The statistical heterogeneity analysis demonstrates that the vast majority (80 to 90%) of the detected heterogeneity regarding survival outcomes between these trials could not be explained by chance. This is quite remarkable because it points out that the reasons for this large heterogeneity derive from differences related to the trials themselves, in this case, patient population, baseline infection, and co-interventions. Moreover, even after we stratified the survival outcome analysis by disease severity, the elevated heterogeneity did not change. We conjecture that the different clinical characteristics and co-interventions were most likely the cause for this irreversible statistical heterogeneity.

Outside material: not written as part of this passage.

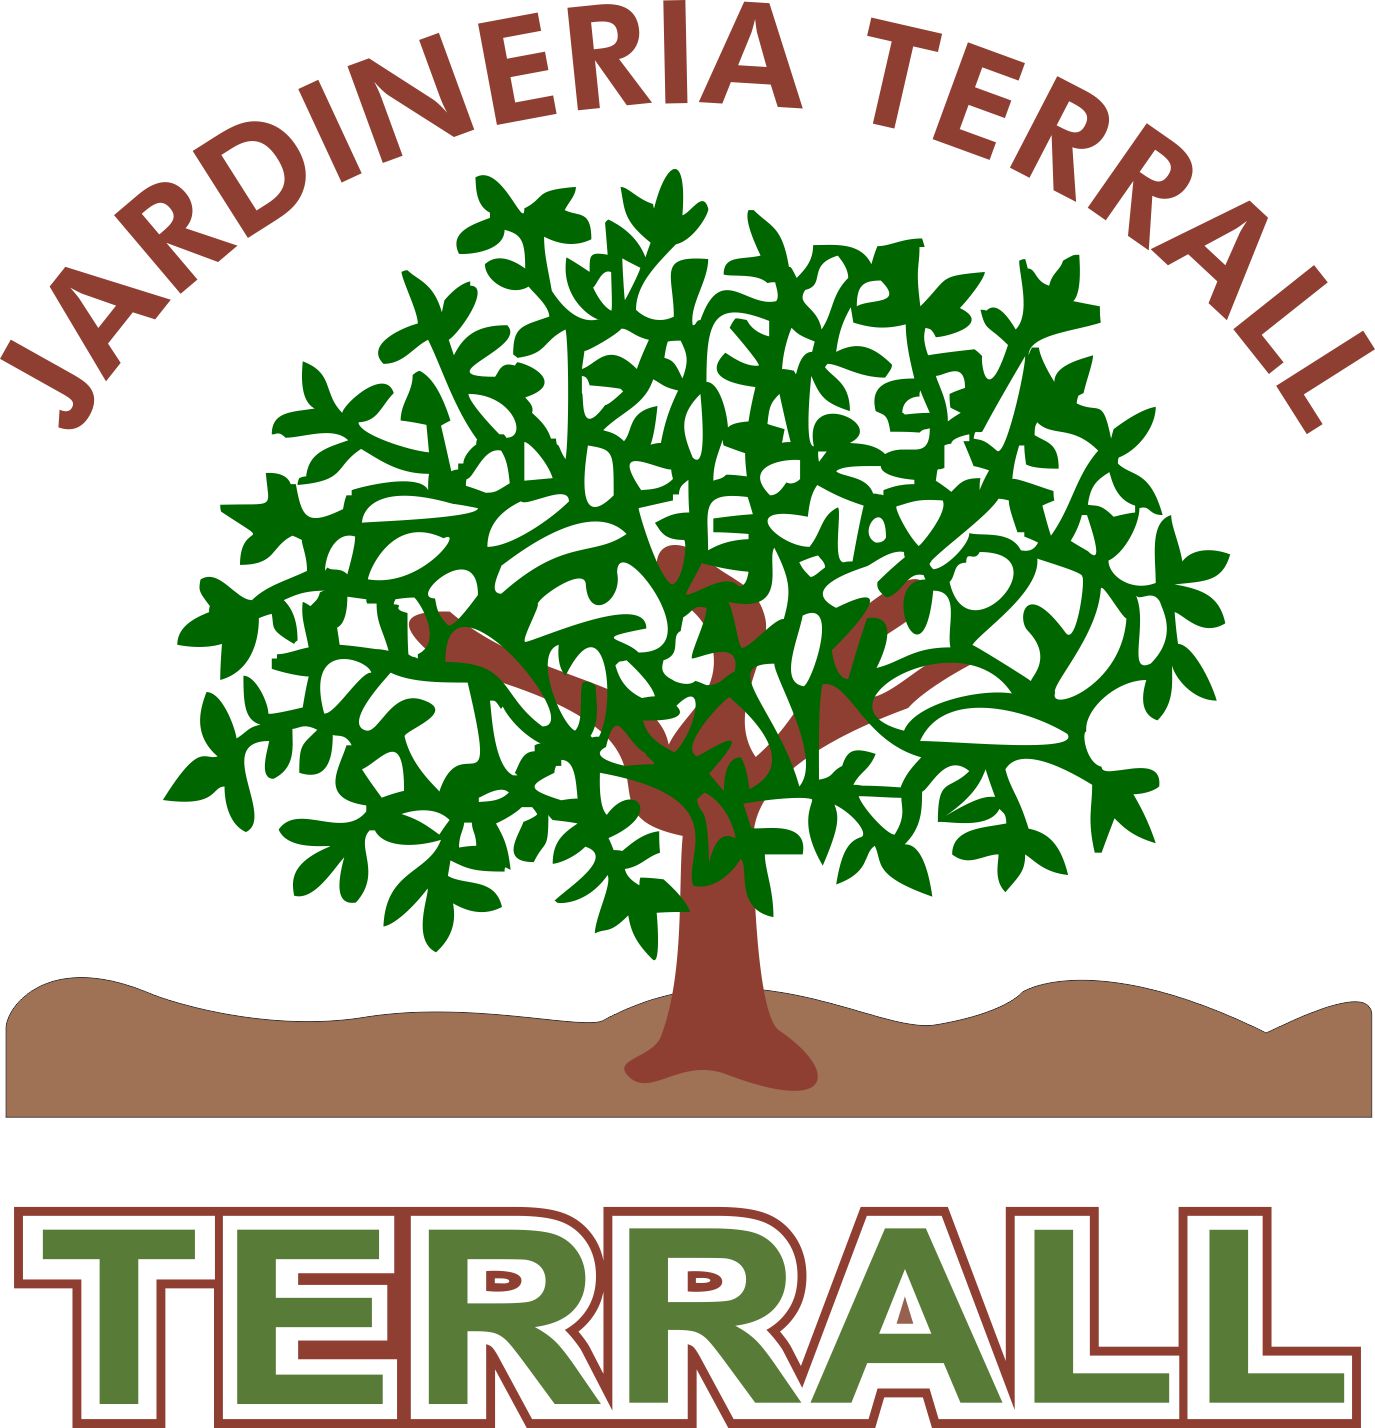 Centre Jardineria Terrall

Another complicating factor is that the PROWESS-SHOCK trial was substantially underpowered: 42% probability of false-negative results. Although a frequent question since the completion of PROWESS-SHOCK has been 'which trial should we believe in?', we propose that this is not the 64 million-dollar question; the one that is begging for an answer is 'will we ever be able to replicate the design of the PROWESS trial?' If we aim for a control mortality of 35%, the answer is 'no' because recent phase III trials [2, 4] have shown that the mortality associated with severe sepsis now ranges from 24 to 28%. If we slightly modify the question to 'can we perform another phase III trial on DAA with adequate statistical power?', the answer is yes on two accounts: 1) a large sample size (N = 2,500 to 3,000) would fulfill the frequentist (classical) statistical approach; and 2) a smaller sample size (500 to 1,000) would fulfill the adaptive Bayesian statistical approach, as we explained in a previous manuscript [5]. What about financial support? The financial and logistic challenges would be enormous for the frequentist approach, but definitely more feasible for the Bayesian approach. Would it be ethical to perform a third trial? Yes, a study we published recently [6] demonstrated that, in real-life application outside phase III trials, DAA significantly reduced in-hospital mortality by 18% (95% confidence interval 13 to 22%) in patients with severe sepsis (N = 41,401 patients). How would this trial be designed? First, an individual-patient data meta-analysis to combine all randomized trials at the patient-level would provide the most accurate and statistically powerful way to reduce the current scientific uncertainty; second, the concomitant use of both frequentist and Bayesian methodologies [7] would maximize the opportunity to gather the most valuable scientific information on the efficacy of DAA; and third, the findings from this new analysis would provide the necessary tools to optimize the design of the next randomized trial. Thus, it is our responsibility to not stop our scientific investigation here, especially considering that the 3,370 patients who gave their consent to participate in these clinical trials were assured that their information would be fully utilized for fostering progress in medical science and for the betterment of future patients afflicted by severe sepsis.

Conclusion

PROWESS and PROWES-SHOCK trials are not comparable based on both clinical and statistical heterogeneity. Hence, the true effect of DAA in patients with severe sepsis remains to be defined. Unless the totality of the available evidence is thoroughly evaluated through an individual-patient data meta-analysis, and an adaptive Bayesian clinical trial is performed, we will continue treating our patients with the appalling sensation that we are not improving their survival due to our own inability to advance the quality of clinical research in the sepsis field.